MOVs offer high resistance anytime the voltage across their active terminals goes below the predetermined value at the breakdown, which makes them behave like voltage-dependent resistors. Anytime the system is exposed to high transient voltages, its electric characteristics are affected, making its resistance very small, and this clamps the voltage, eradicating the spikes and the overvoltage transients. See Figure 4 below.

Figure 4: MOV Transient Suppressor Circuit Courtesy of Simon Mugo

Crowbar Transient Suppression Devices

This is another type of parallel transient suppressor based on how it is connected. They work by initiating a short circuit when the preset voltage is reached. Such systems are standard in high-stability power supply, with an output expected to be fixed. It is also used in the power supply area, protecting the circuits against transient voltages.
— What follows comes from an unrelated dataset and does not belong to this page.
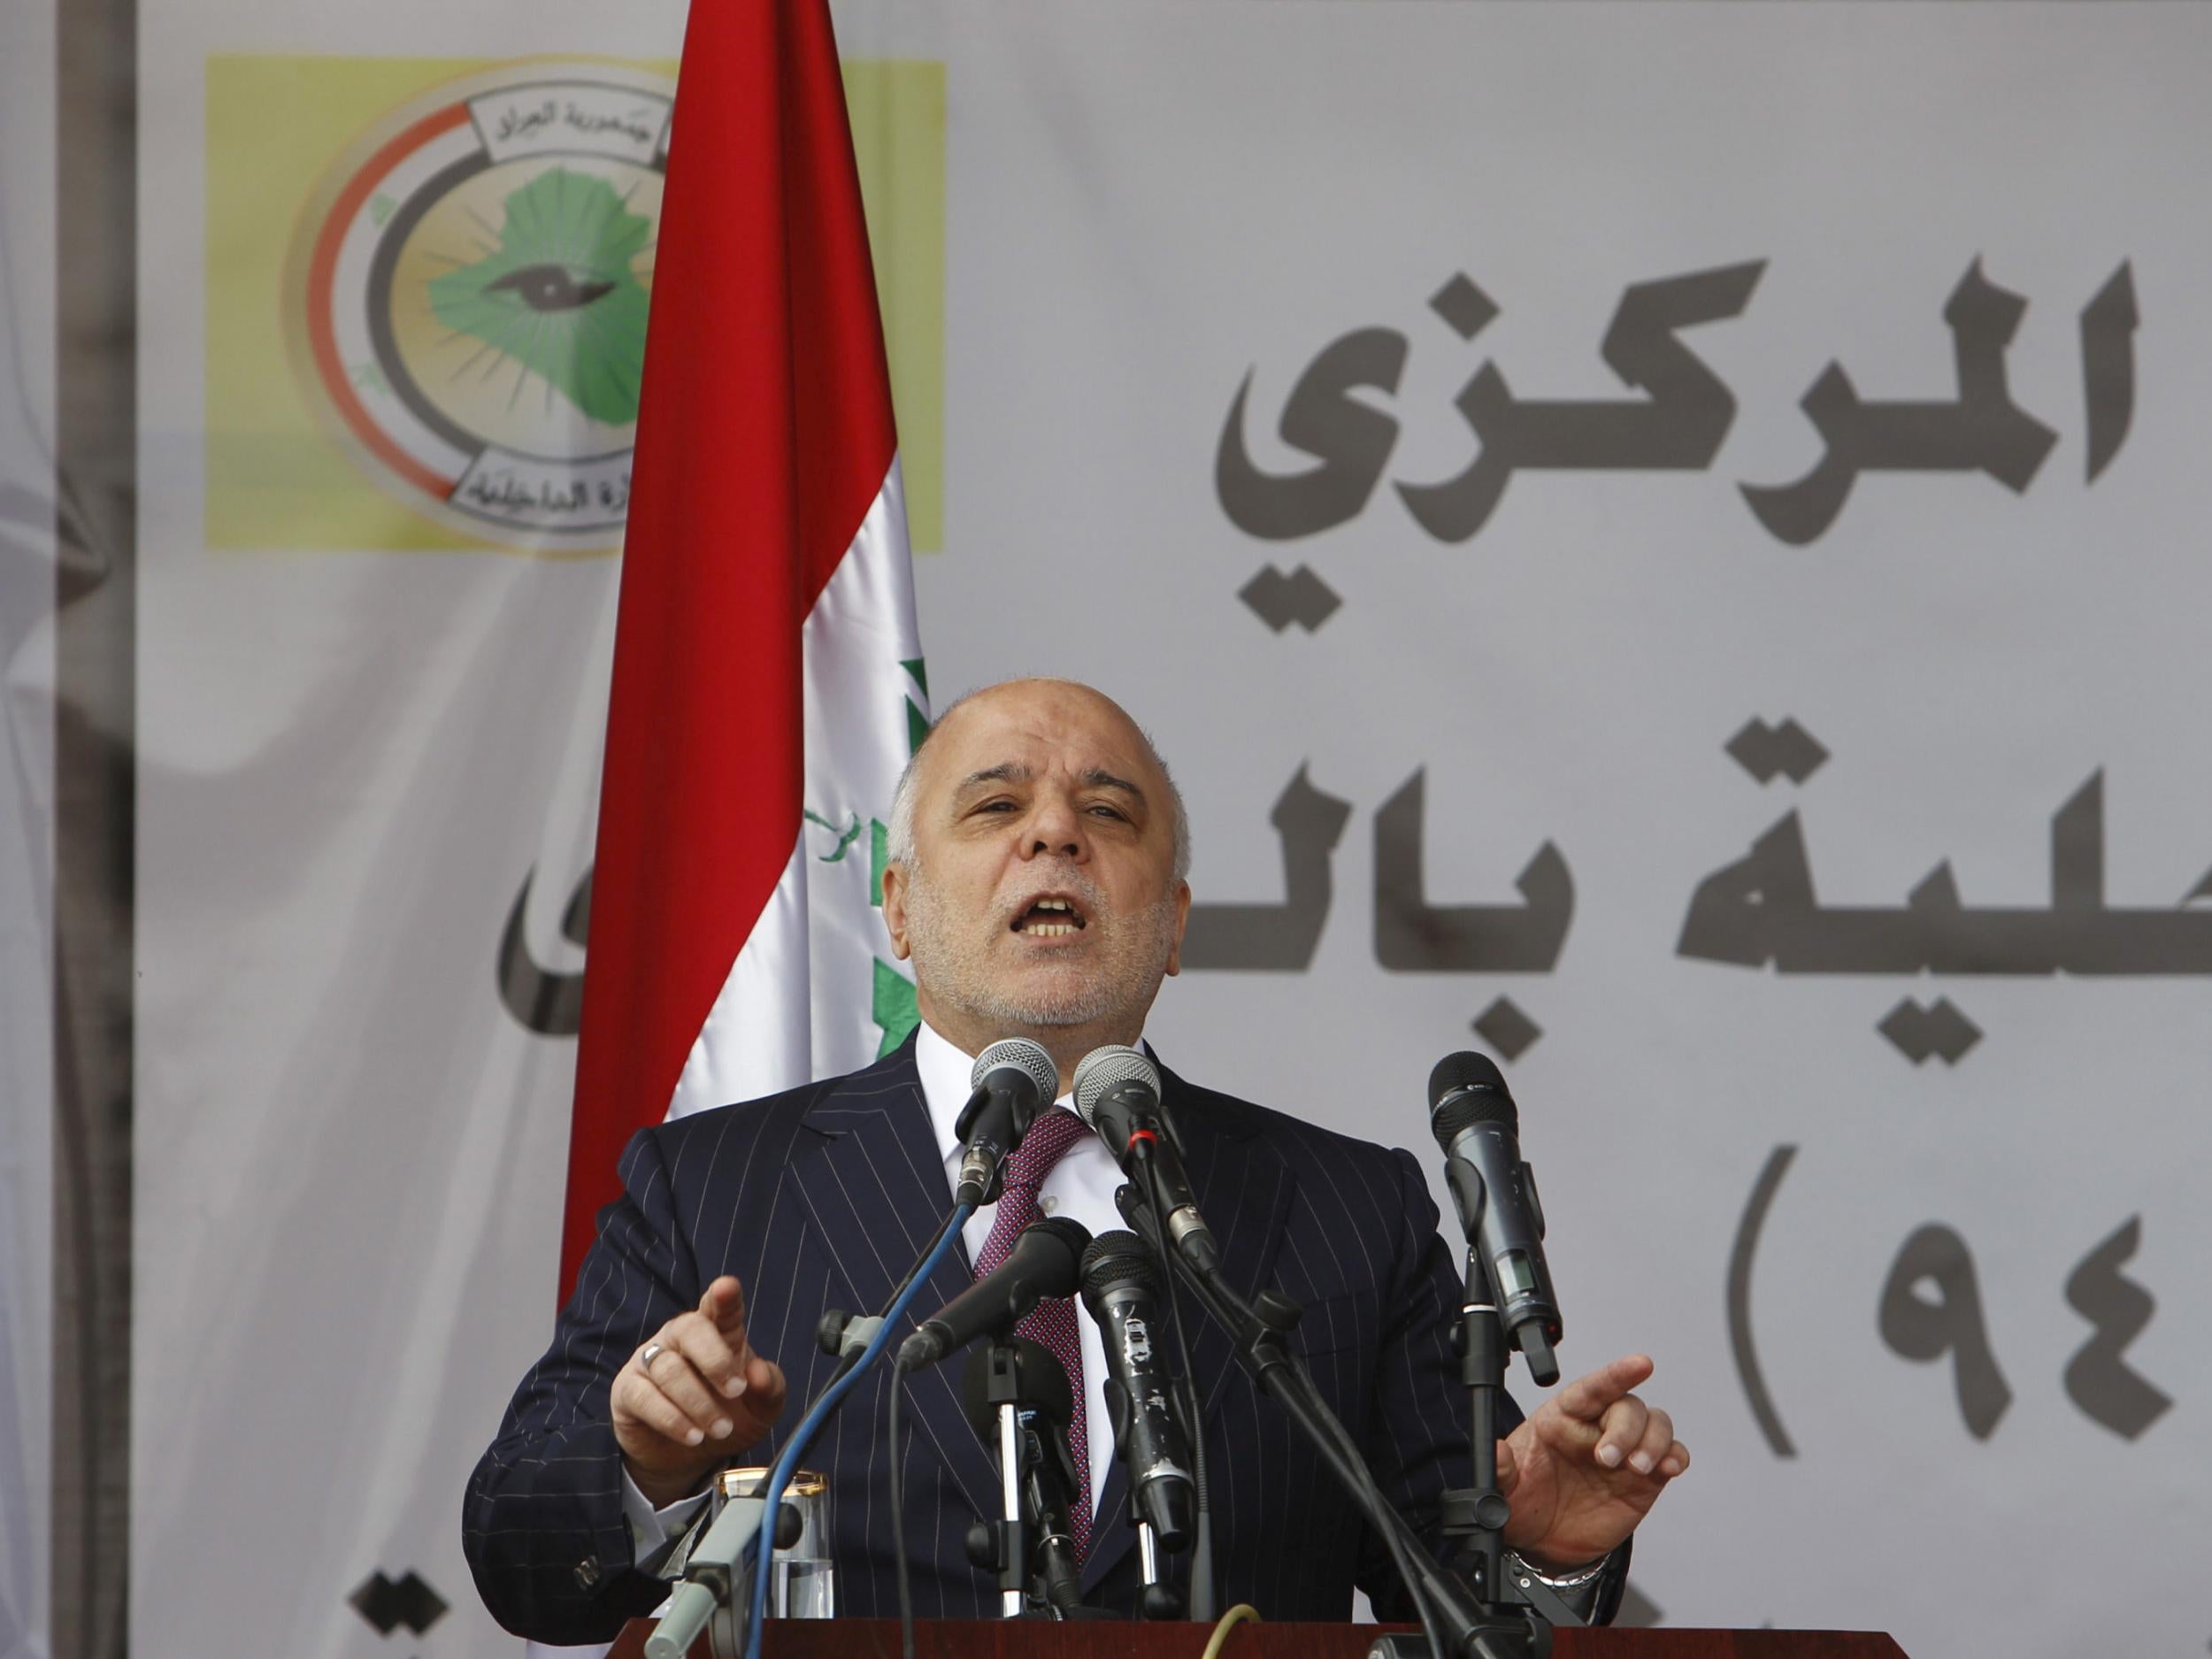 Prime Minister Haider al-Abadi has come under increasing in recent months following political instability and the cost of the fight against Isis

Some crowbars are semi-conductor-based and parallel to the connected load, attenuating huge currents. They use the SCRs due to their low on-state voltages to ensure the voltage remains safe. On firing the SCR, they can divert a recognizable level of transient voltages to their ground connection.

Figure 5: Basic Crowbar Clamping Circuit Courtesy of Simon Mugo

Summary

• Power electronics systems require protection against overvoltage, surge, and spikes; transient suppressors play this role.
• Transient voltages must be suppressed by connecting the suppressing devices in parallel or series with the power supply or the load to be protected.
• Several methods are used in suppressing transient voltages from series suppressors, MOV, voltage clamping, Zener diode, and crowbar transient suppressors.
• Series transient suppression uses a filter circuit to attenuate or eliminate the transients in the circuits.
• Voltage clamping is suitable for the amplitude of the transient limitation across the connected power and load circuit.
• Zener diode transient suppressors are sound for regulating transient voltages in the DC power supply circuits.
• MOV can handle high voltages and is adaptable in places with high current surges, eliminating transients.